> [Recorded information]
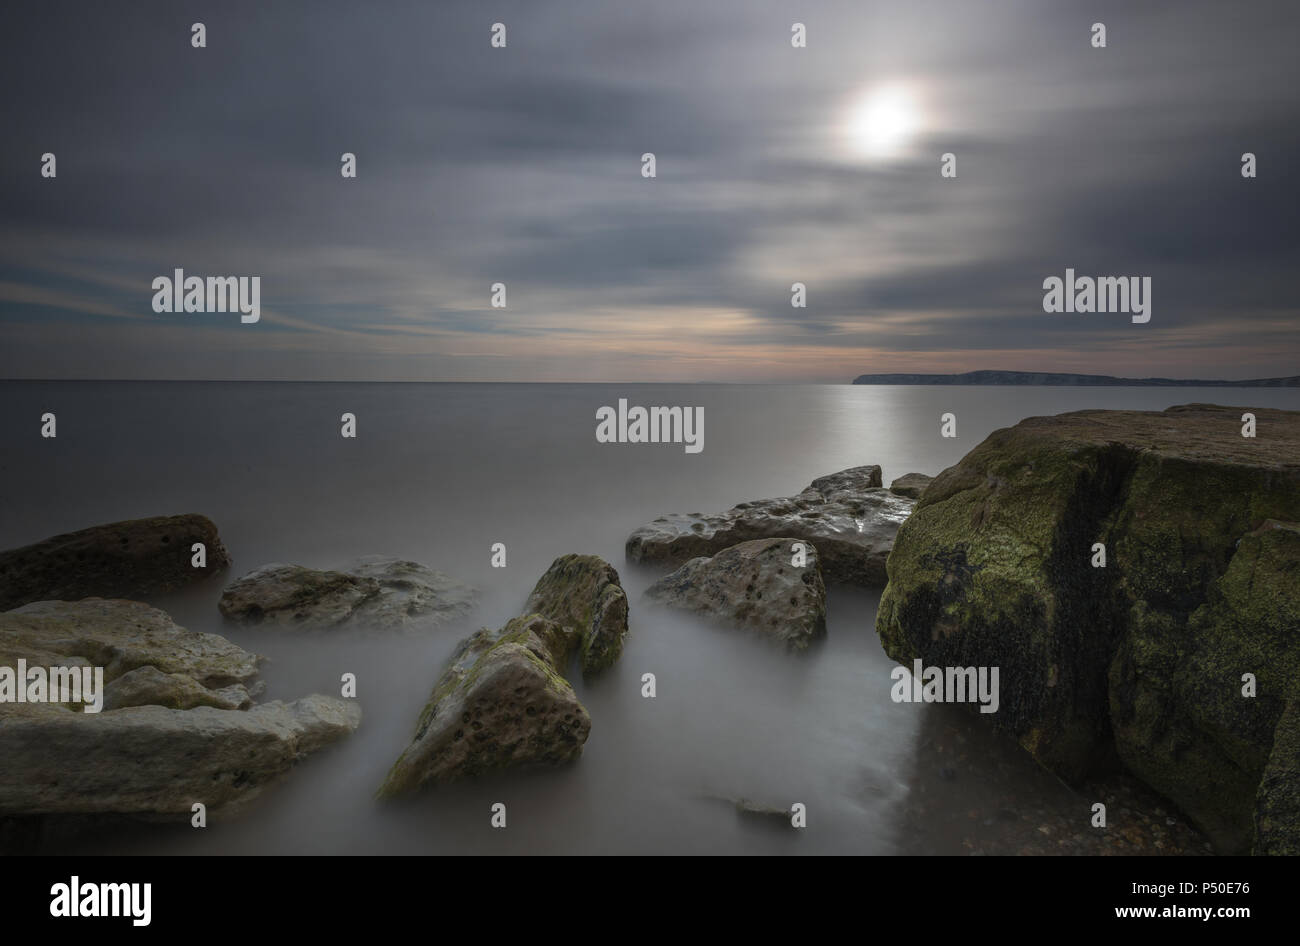 Una hermosa y atmosférica, Isla de Wight seascape o la puesta de sol sobre el mar en la bahía de Compton, cerca de la bahía de agua dulce. Imagen De Stock
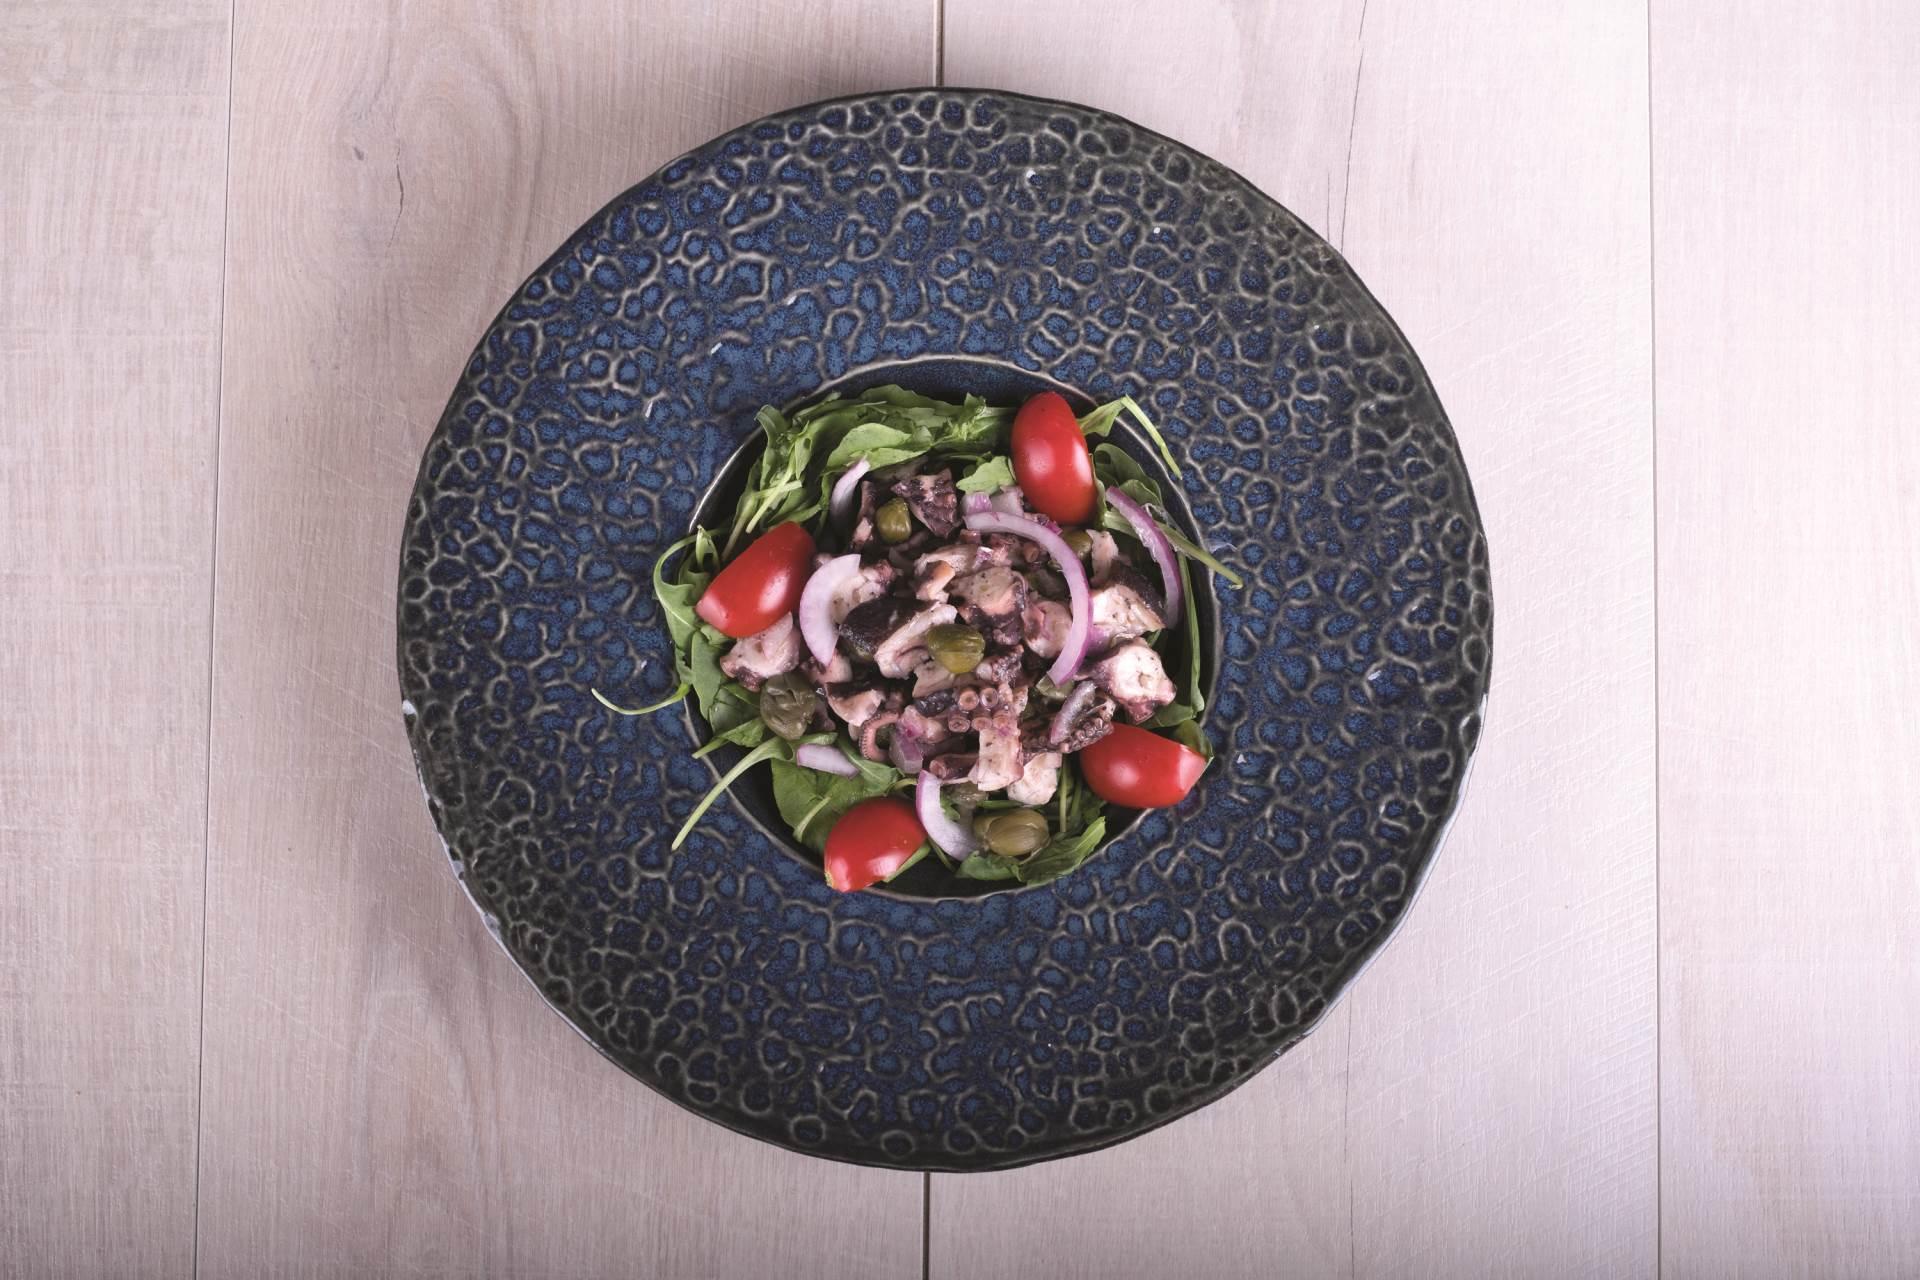 Salata od hobotnice by Karmela Vukov-Colic
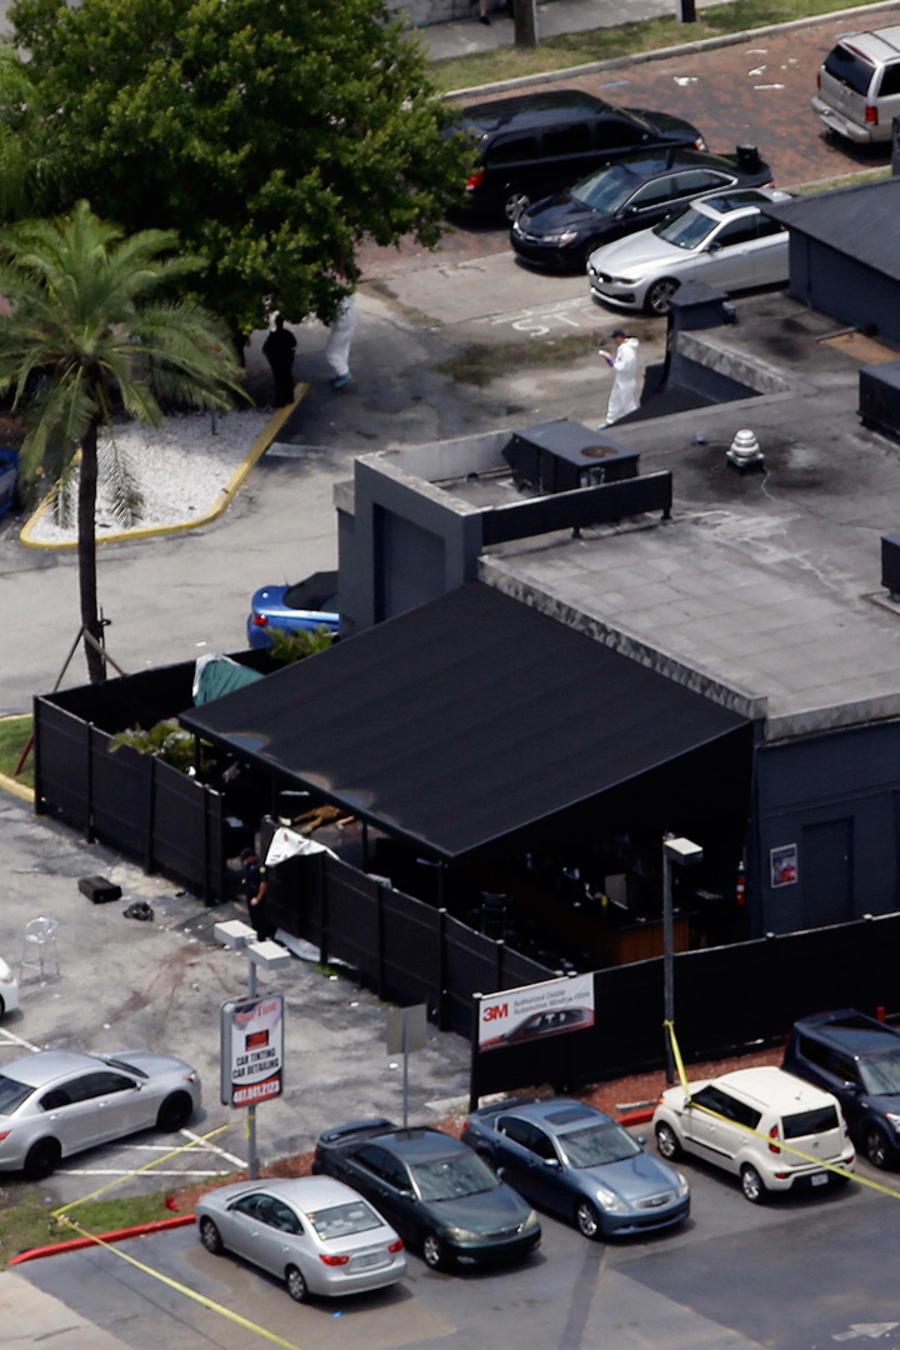 Club Pulse escenario de masacre en Orlando el 12 de Junio del 2016

> [Aim of the task] With the pictures removed, set down every line of the listing above exactly.

> [Result]
 Una hermosa y atmosférica, Isla de Wight seascape o la puesta de sol sobre el mar en la bahía de Compton, cerca de la bahía de agua dulce. Imagen De Stock
 Salata od hobotnice by Karmela Vukov-Colic
 Club Pulse escenario de masacre en Orlando el 12 de Junio del 2016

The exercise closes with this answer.